As per traditional fairy tales and folktales, Lim incorporates animals in Six Crimson Cranes to indirectly characterize humans. As indicated by its title, the novel’s most prominent animal is the red-crowned crane. In Chinese and Japanese folklore, cranes symbolize loyalty and nobility—characteristics that Shiori’s brothers embody in their duty to their sister and empire. Furthermore, Kiki, Shiori’s enchanted paper crane, proves her most loyal companion.

In Chinese folklore in particular, dragons are powerful, regal creatures. Lim showcases their power when Shiori and her brothers narrowly escape the Dragon King when crossing the Taijin Sea, and even Seryu has to remind Shiori that he cannot always defend her against his grandfather. As a young dragon, Seryu exhibits many characteristics of a human teenager: He is earnest, playful, and tries to navigate his jealousy as he witnesses Shiori’s feelings for Takkan change. By characterizing Seryu in this way, Lim makes him relatable to Shiori, further proving to her that magic and non-humans do not always need to be feared.

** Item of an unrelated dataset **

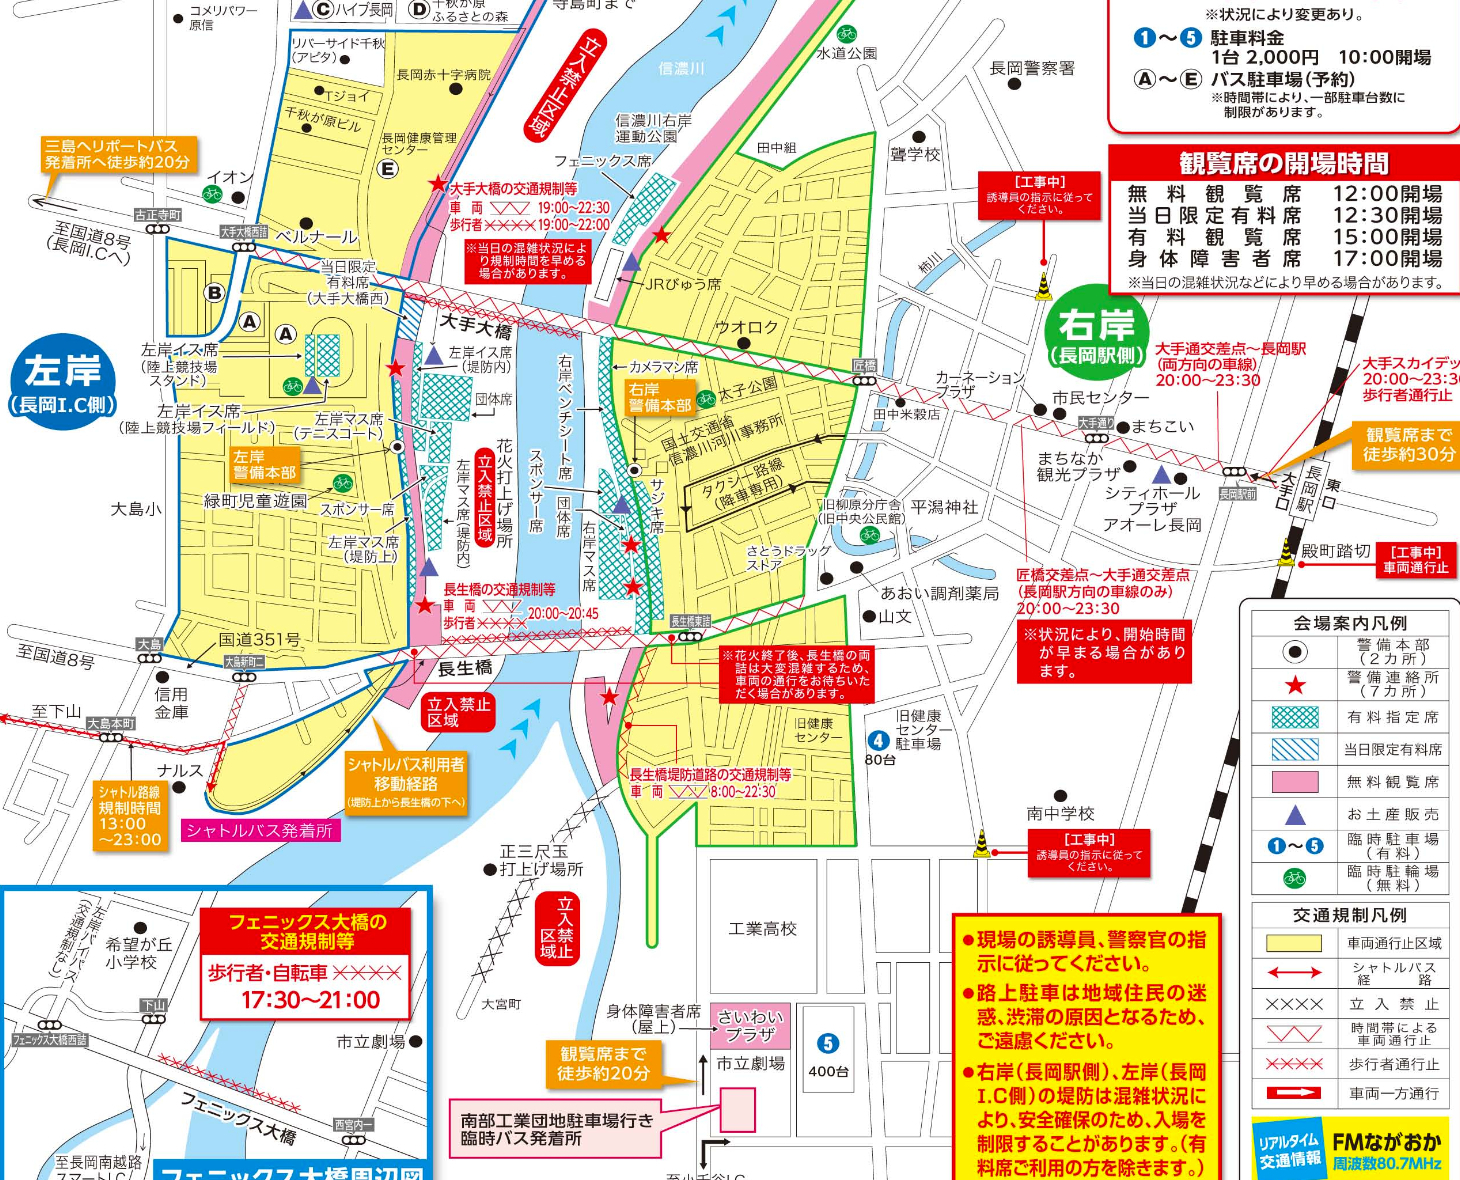 長岡花火大会 16 交通規制 通行止め 駐車場や臨時シャトルバス

Snakes appear in fairy tales, folklore, and mythology all over the world and are often characterized as cunning. Their stealthy, subtle movements juxtapose with their ability to strike quickly, which Shiori witnesses in Raikama. Raikama’s quiet demeanor makes it difficult for Shiori and her brothers to believe that she is a powerful sorceress, until she suddenly strikes with a devastating curse. However, Raikama proves a sacrificial figure, making her and the novel’s snake-related symbolism less malicious and more so secretive, a necessary evil to protect the royal children from the true antagonists.

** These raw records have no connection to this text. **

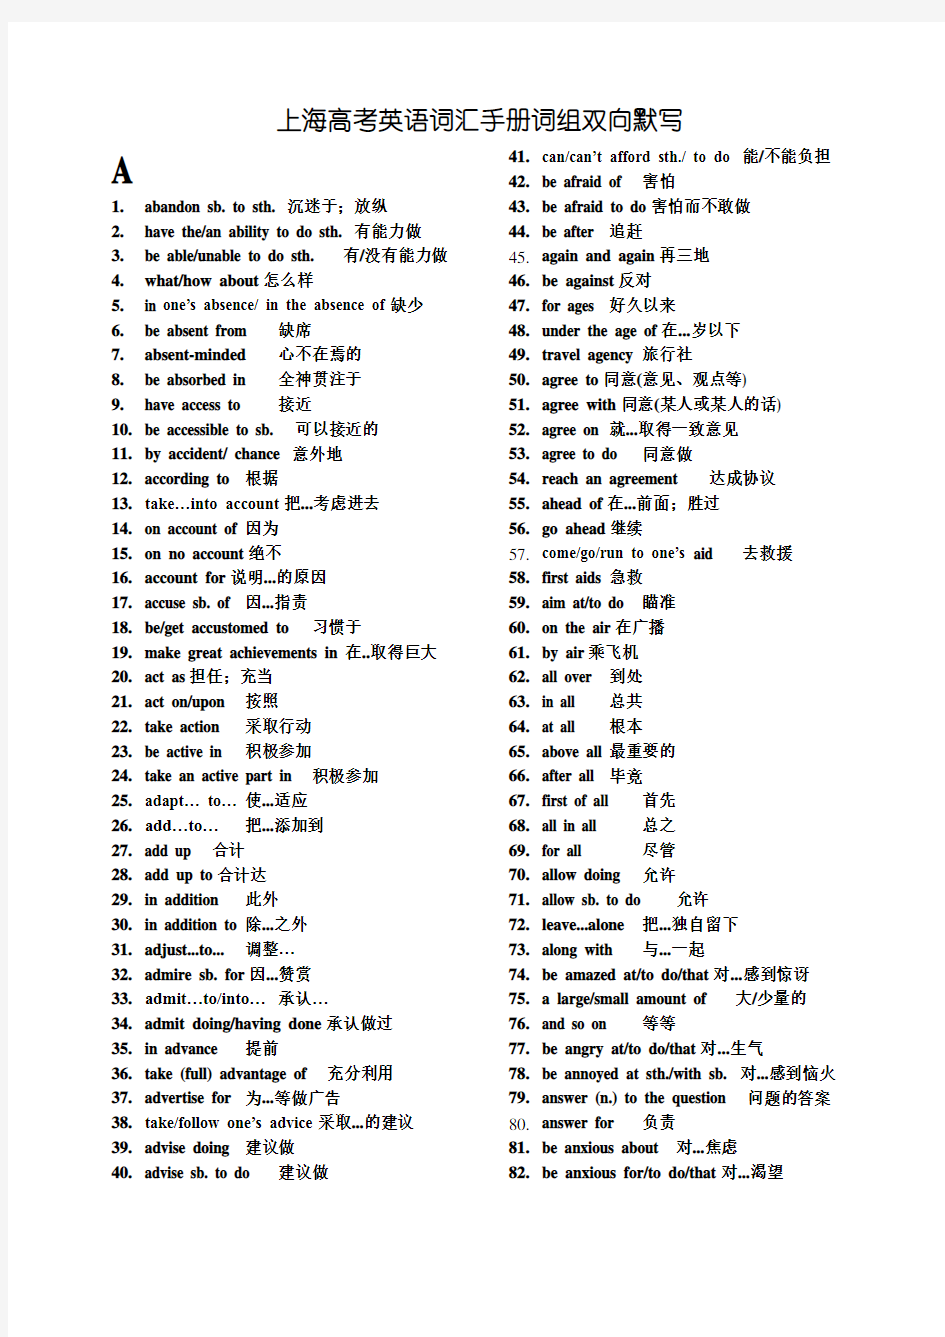 上海高考英语词汇手册配套词组中英集合版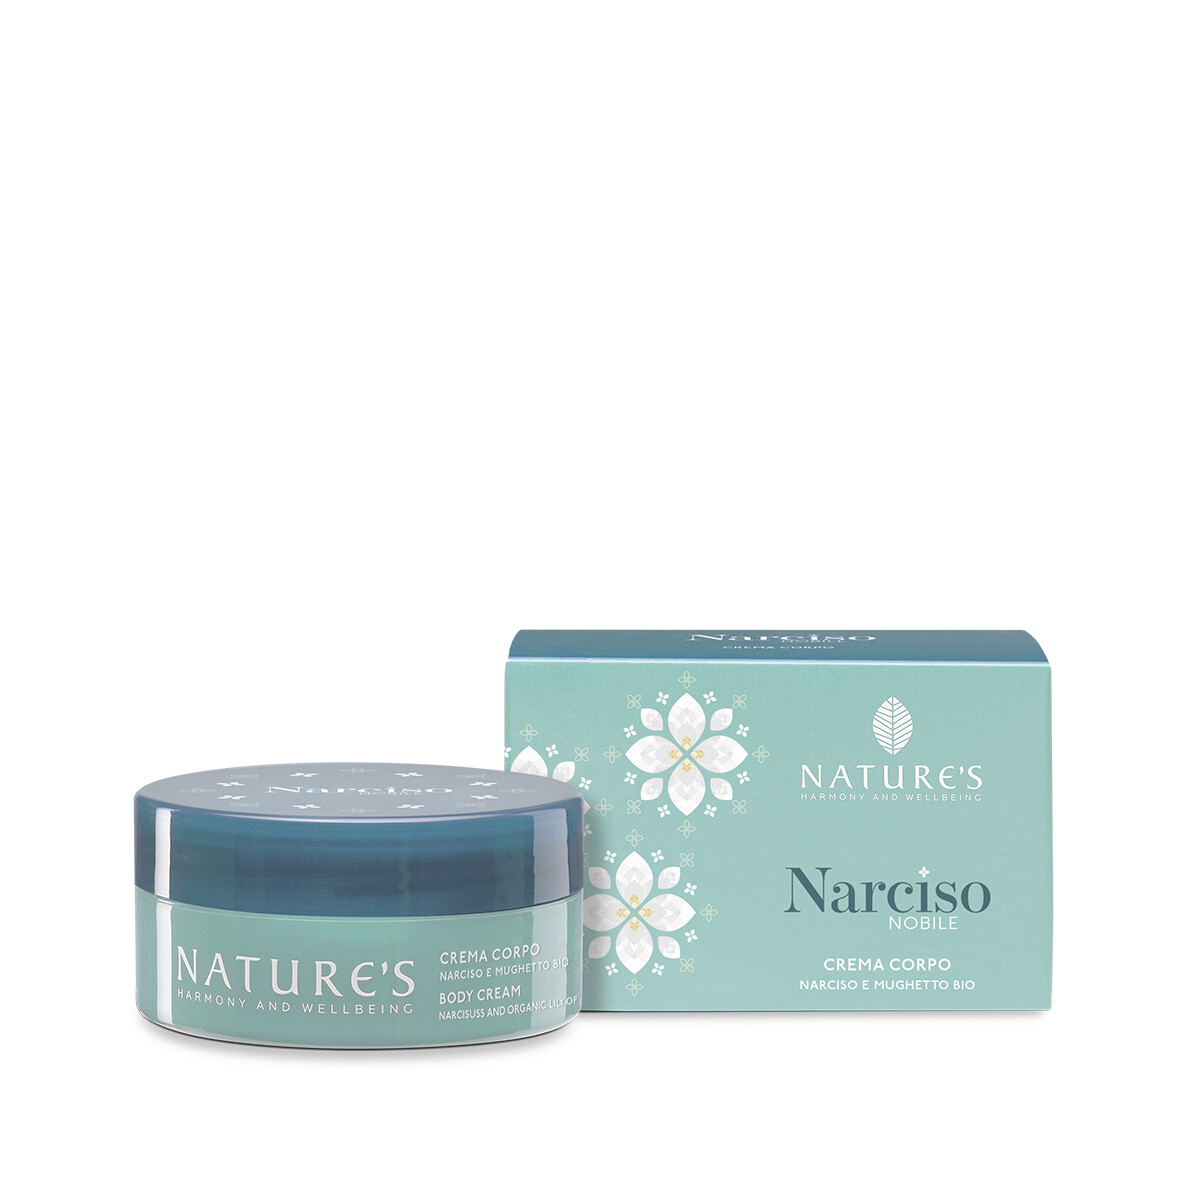 Crema Corpo - Narciso Nobile - Nature's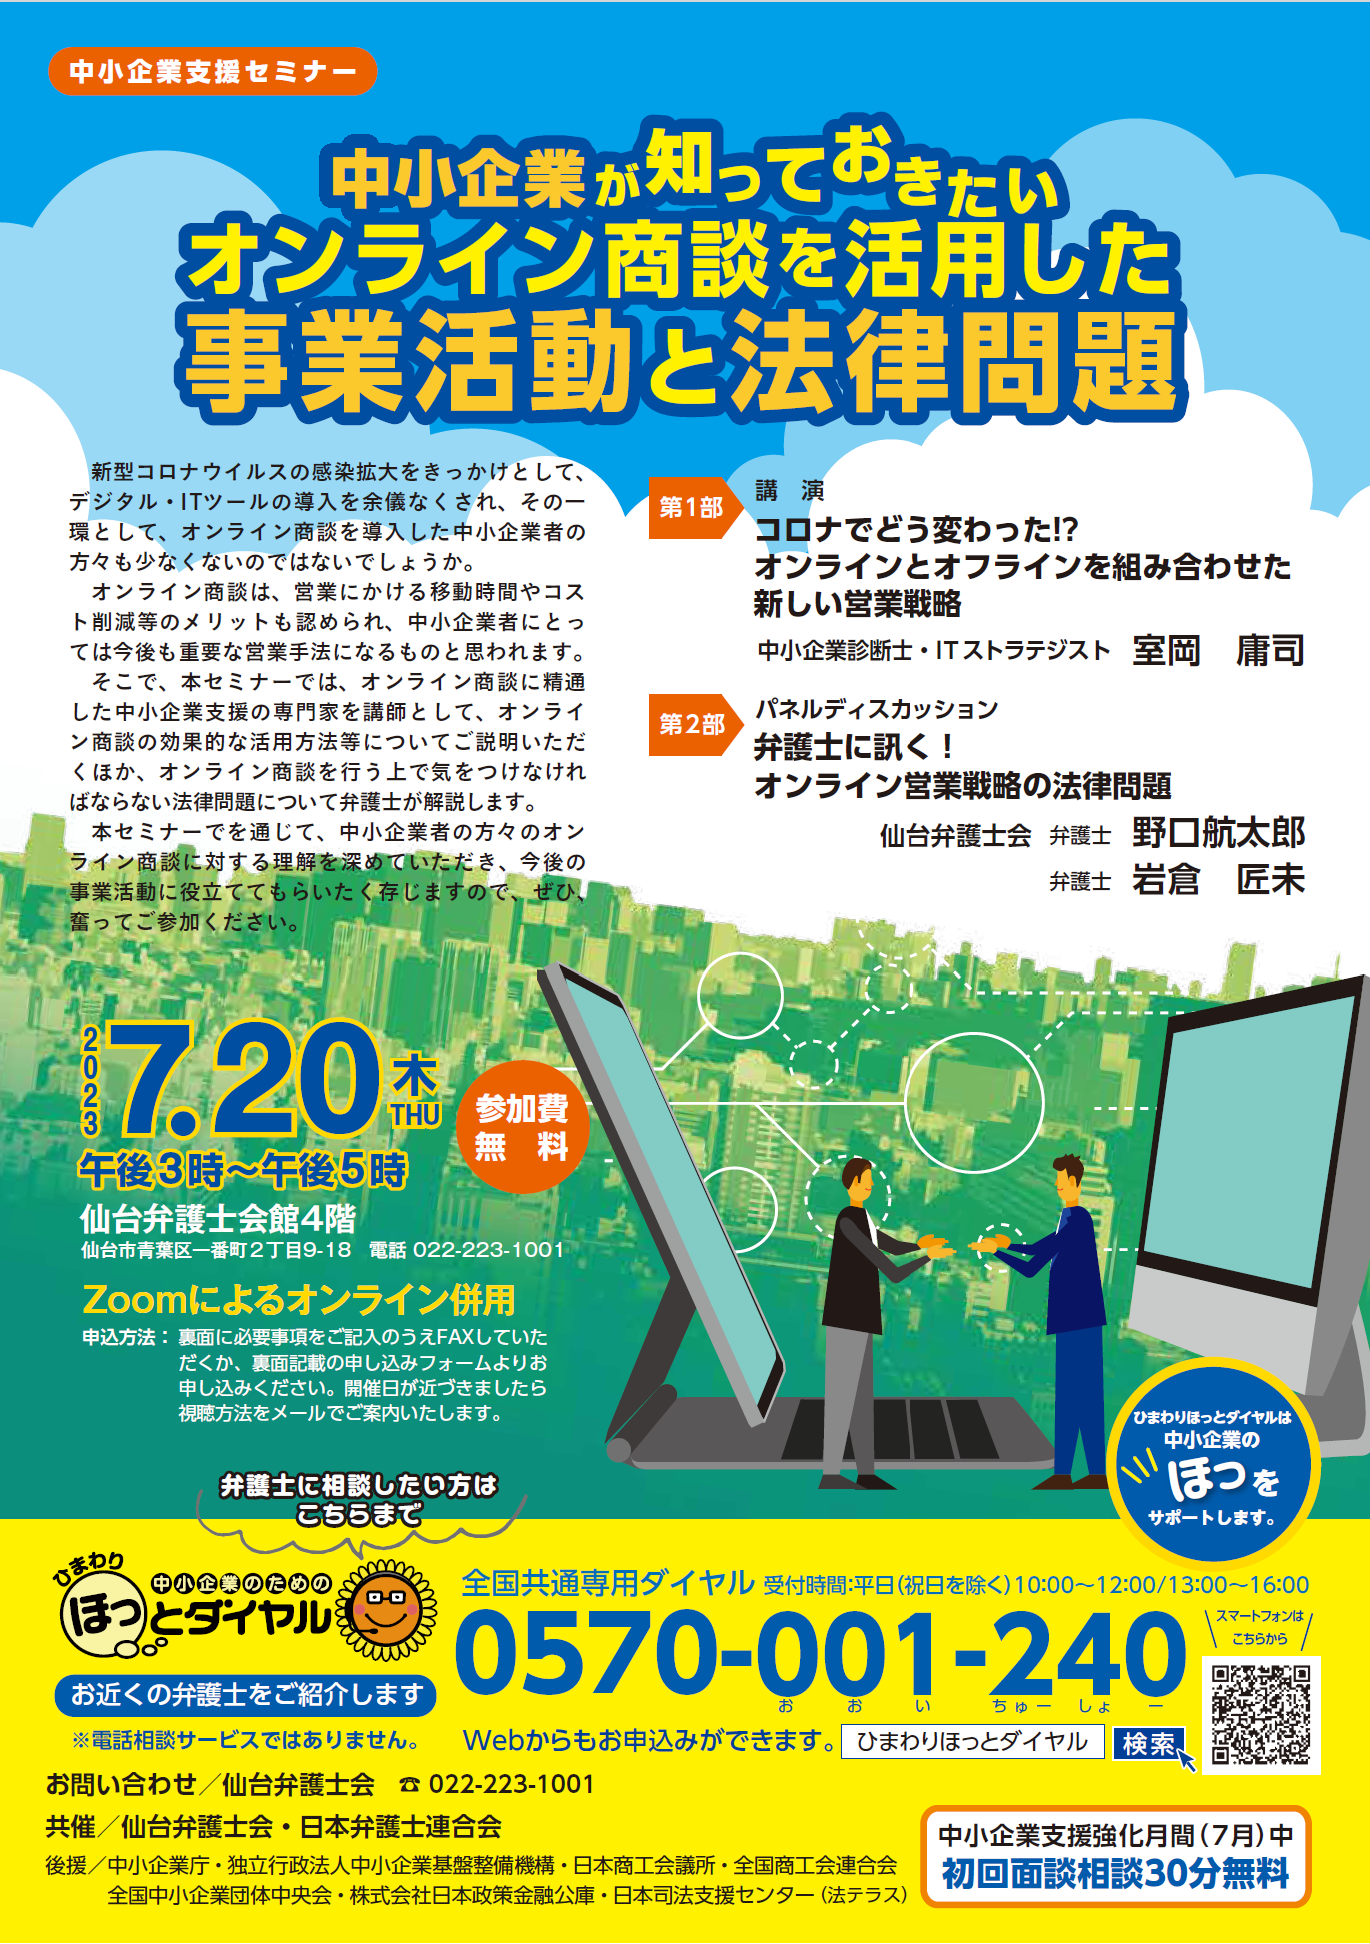 「仙台弁護士会 中小企業支援セミナー」オンラインとオフラインを組み合わせた新しい営業戦略セミナー

Similarly, wolves are often portrayed as cunning, feared predators. Though not explicitly drawing upon the fairy tale of “Little Red Riding Hood,” Six Crimson Cranes does utilize the archetype of the “Big Bad Wolf”—a menacing character who can disguise itself to better manipulate others. As a shape-shifting enchanter, the Wolf (Bandur) manipulates everyone around him, all for the sake of ruling the Holy Mountains’ demons.

Clothes

The clothes worn by characters symbolize their status. At the beginning of the novel, Shiori’s betrothal ceremony outfit is made of “a god’s ransom of silk” (2), and the physical burden of the heavy robes mirror the emotional burden she feels at having to grow up and marry. When Shiori is cast away to Tianyi by Raikama’s curse, she is dressed in a walnut bowl and rags, with no possessions to indicate her identity. Her lost slipper, which Takkan finds on the beach, is an element that Lim borrows from “Cinderella”—a fairy tale in which a prince searches for a princess with nothing but her glass slipper, not imagining that an impoverished girl could be the woman he seeks. After months of hardships, Shiori dressing up for Iro’s Winter Festival suggests that she is close to reclaiming her true identity.

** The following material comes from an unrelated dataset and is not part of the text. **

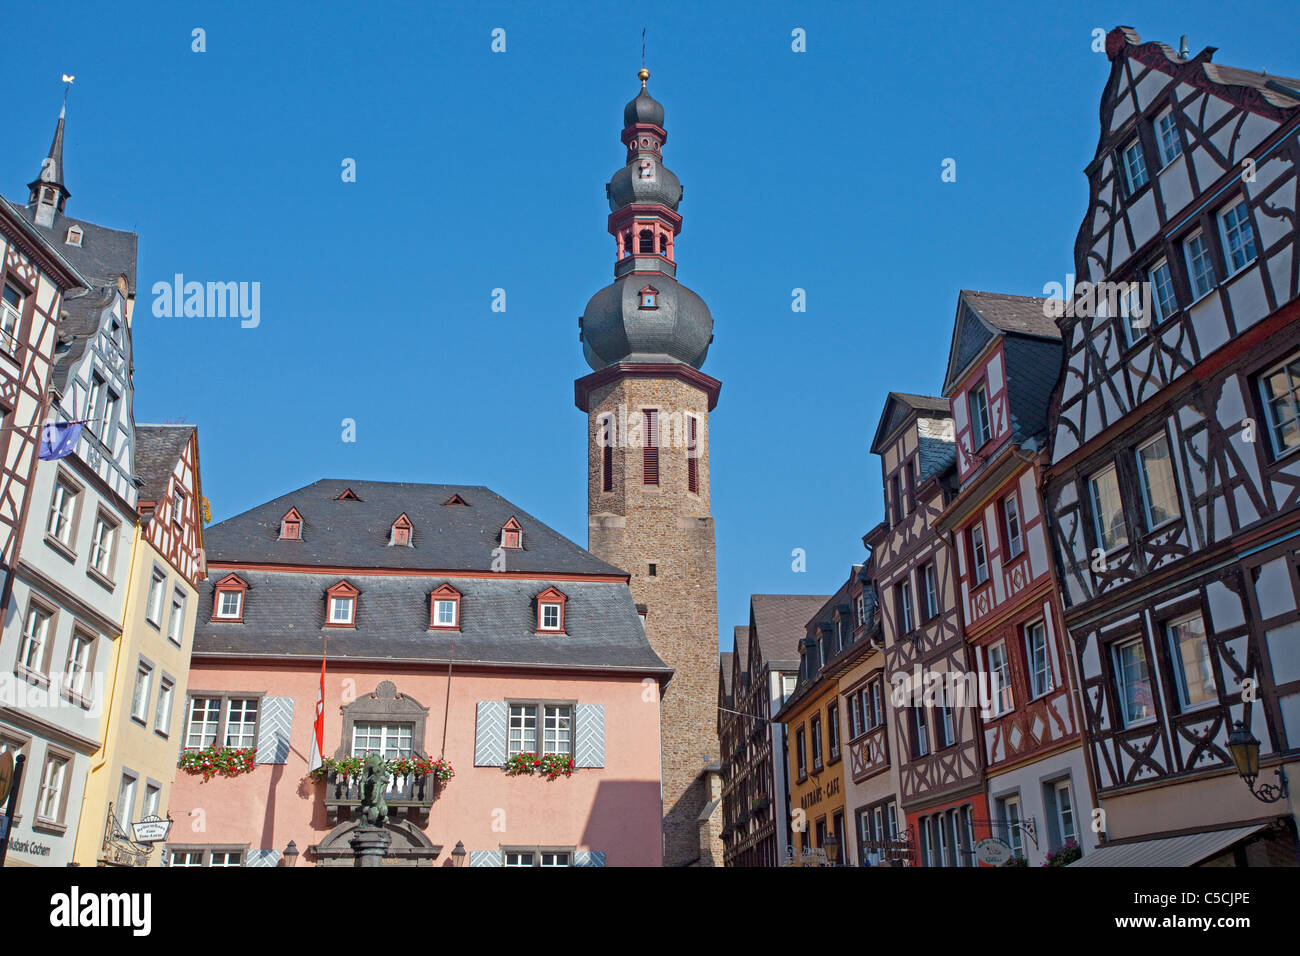 Historischer Marktplatz, Pfarrkirche Sankt Martin Cochem, Market place, church, old town Stock Photo

The sentinels’ armor signals to everyone, even the remote villagers of Tianyi, of their respectable status. While Lim primarily uses clothes as a marker of identity, in some instances, she uses them to conceal. In addition to Shiori’s walnut bowl, which conceals her face, sentinels Takkan and Hasege impersonate each other while searching for the royal children. This creates initial tension between Shiori and the Bushians, as Hasege (under the guise of Takkan) is cruel to her, before she learns the truth—that her kind sentinel is Takkan (initially under the guise of his “cousin” Hasege). Clothing is an effective way for characters to hide the truth in plain sight, as Guiya does with her poisoned golden thread and various guises.

Shiori’s Childhood Songs

Elizabeth Lim utilizes Shiori and Raikama’s songs about Channari as a motif to connect them. With so few memories of her birth mother, Shiori feels especially close to her when she sings these songs to herself. She sings these songs in times of hardship, as they distract her from arduous tasks, like cooking at the Sparrow Inn and stitching Takkan’s wound. Lim also utilizes the songs as a tool of foreshadowing, a subtle hint that Channari is actually Raikama: Channari “was a girl who lived by the sea,” and is “waiting for her sister” (303). Without realizing it, Shiori has long found strength and comfort in memories of her stepmother rather than her birth mother (as her memories were enchanted), the only mother she’s known, and has always known Raikama’s true name—Channari. Channari, which Raikama explains means “moon-faced girl,” also evokes the folklore of Imurinya, an immortal who lives on the moon, whose story parallels Raikama’s.